[Opening Given material section]

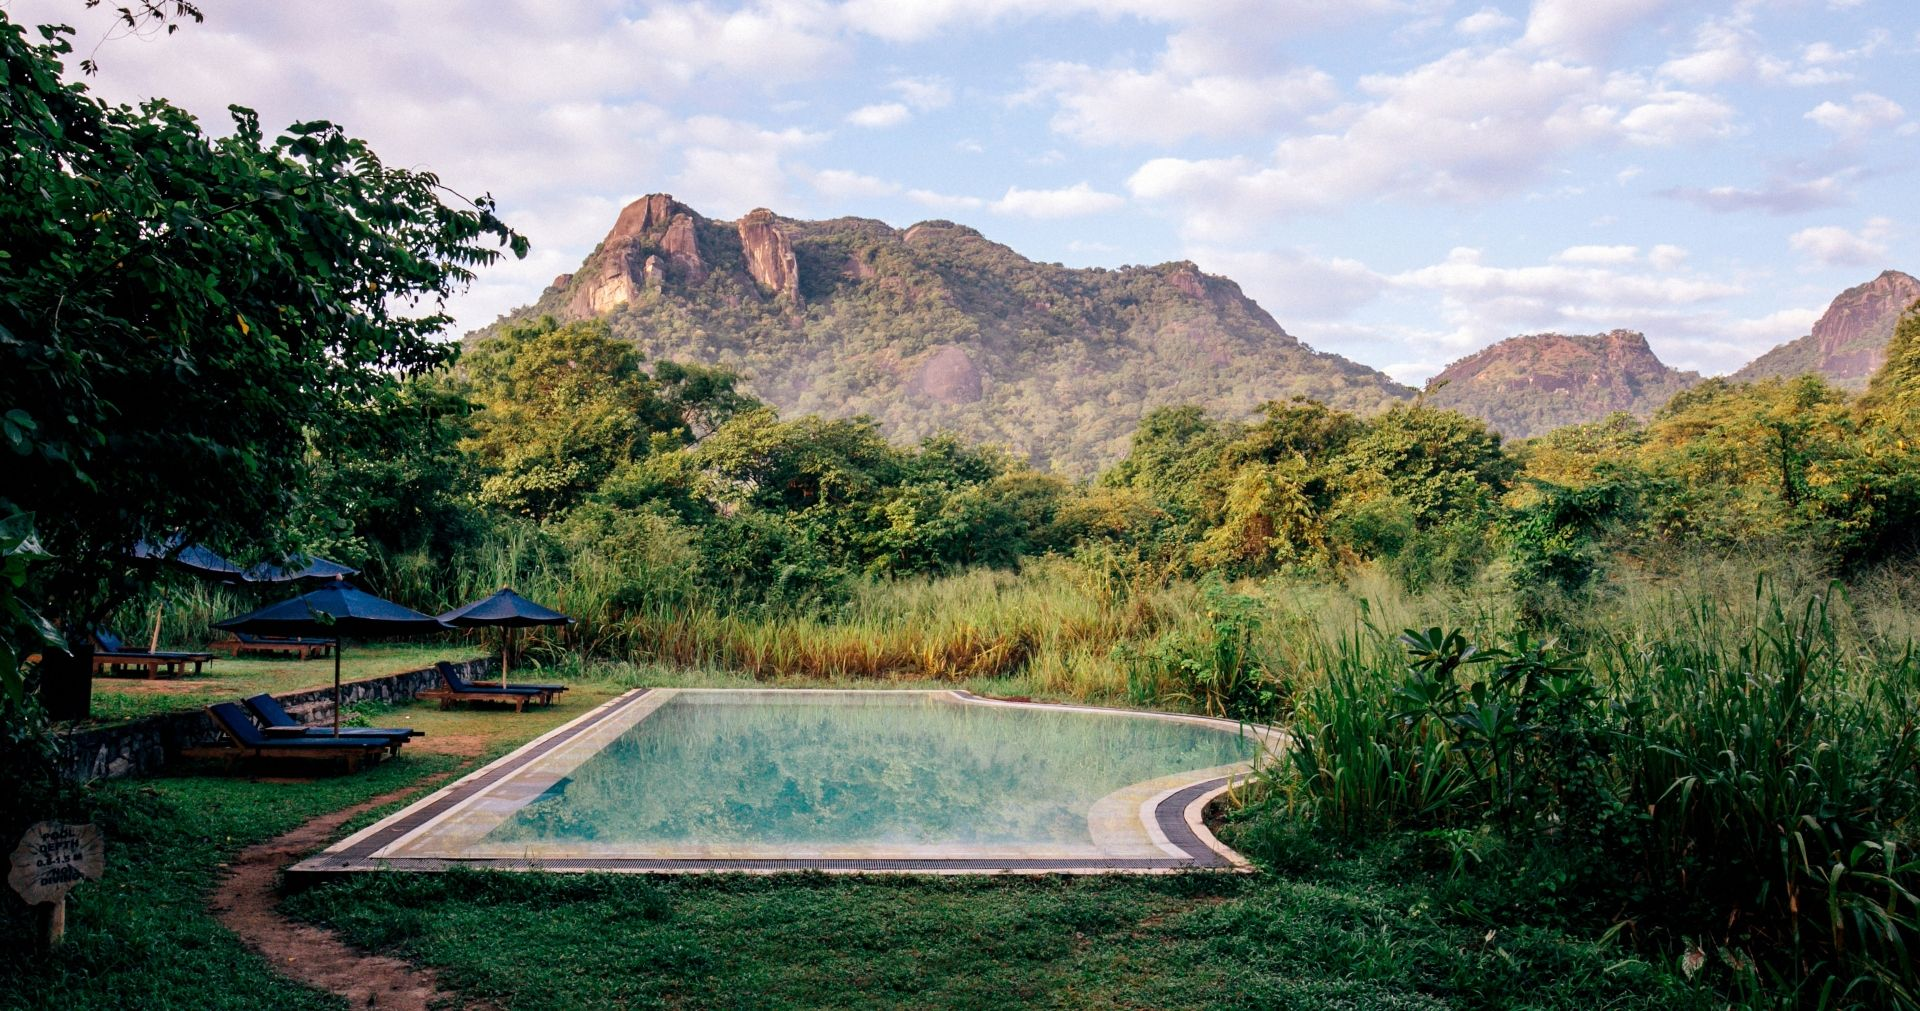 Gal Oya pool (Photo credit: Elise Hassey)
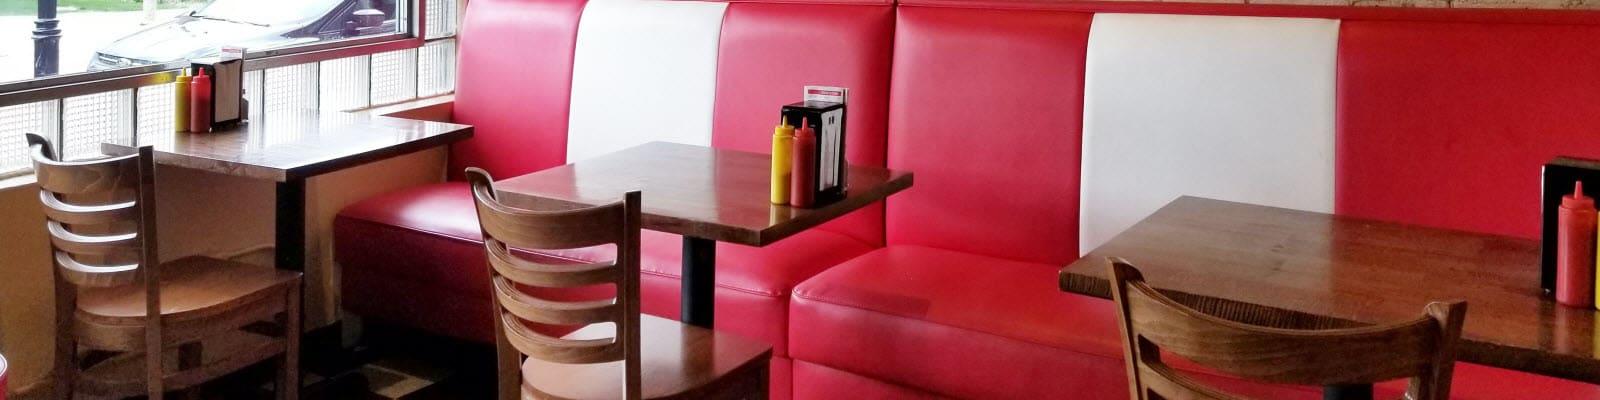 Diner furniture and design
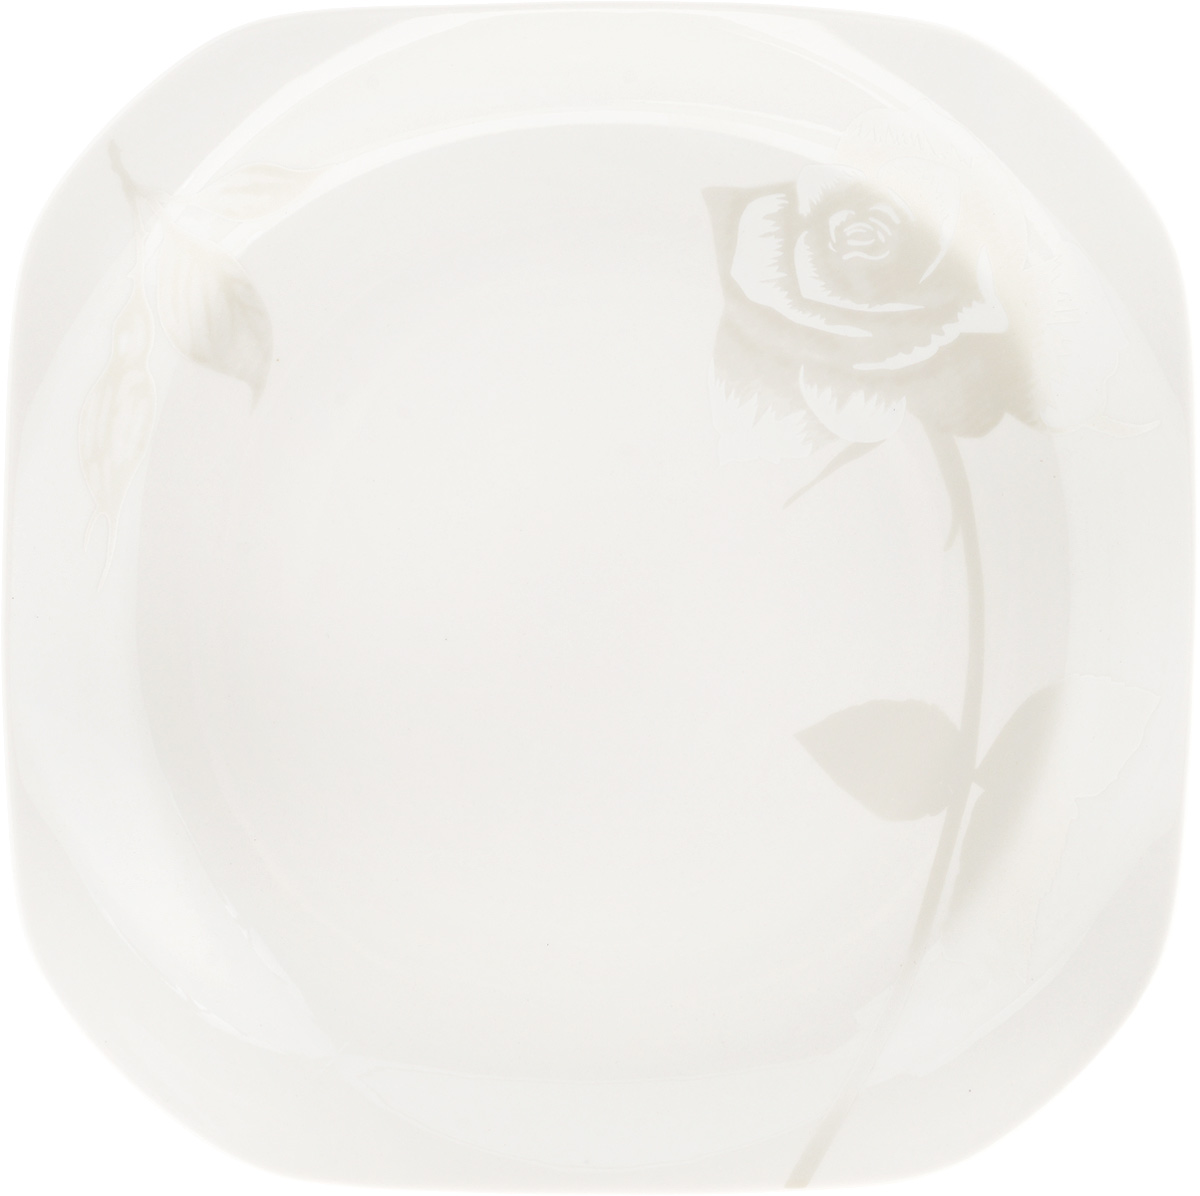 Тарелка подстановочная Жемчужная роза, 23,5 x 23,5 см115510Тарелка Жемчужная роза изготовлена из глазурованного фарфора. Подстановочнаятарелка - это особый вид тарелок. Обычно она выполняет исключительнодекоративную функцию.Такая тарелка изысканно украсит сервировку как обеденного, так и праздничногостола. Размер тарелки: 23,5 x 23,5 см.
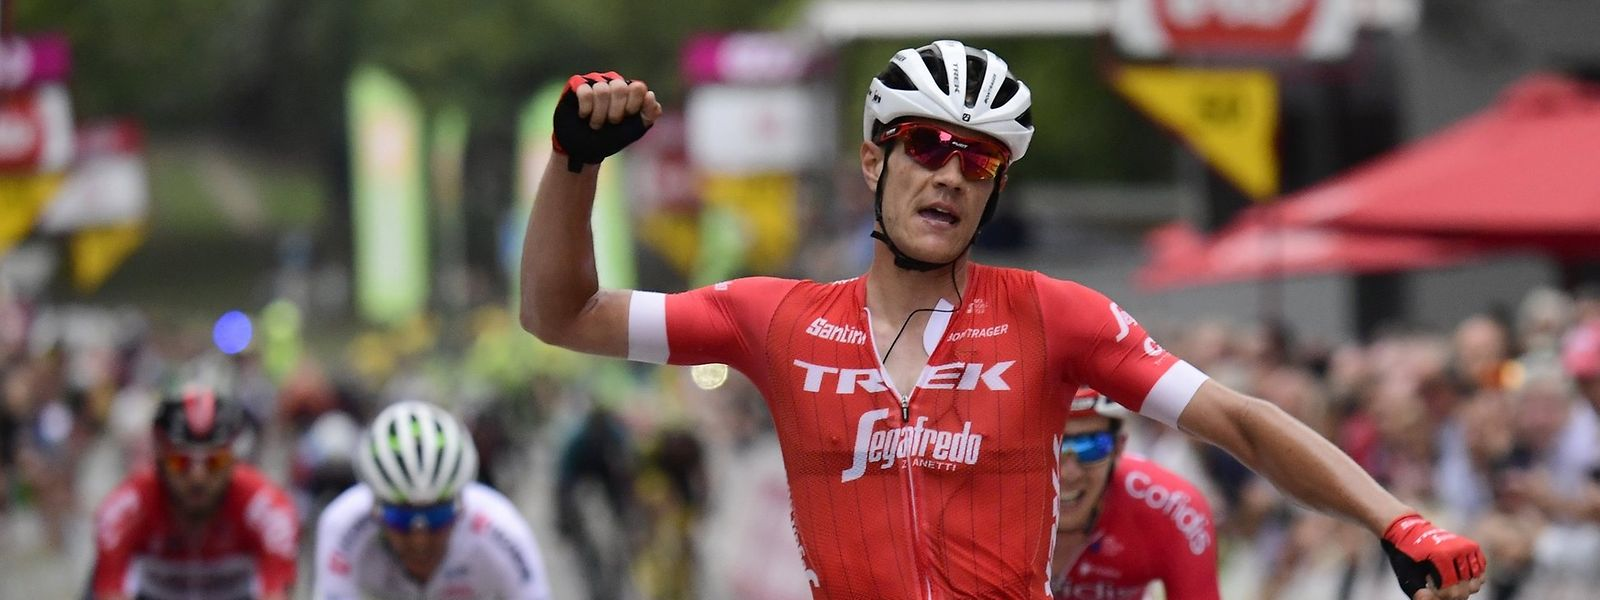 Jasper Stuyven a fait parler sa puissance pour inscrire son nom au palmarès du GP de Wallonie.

[Closing Given material section]

## Task item
Repeat all the data as it stands, dropping any images it holds.

## Task answer
 Gal Oya pool (Photo credit: Elise Hassey)
 Diner furniture and design
 Тарелка подстановочная Жемчужная роза, 23,5 x 23,5 см115510Тарелка Жемчужная роза изготовлена из глазурованного фарфора. Подстановочнаятарелка - это особый вид тарелок. Обычно она выполняет исключительнодекоративную функцию.Такая тарелка изысканно украсит сервировку как обеденного, так и праздничногостола. Размер тарелки: 23,5 x 23,5 см.
 Jasper Stuyven a fait parler sa puissance pour inscrire son nom au palmarès du GP de Wallonie.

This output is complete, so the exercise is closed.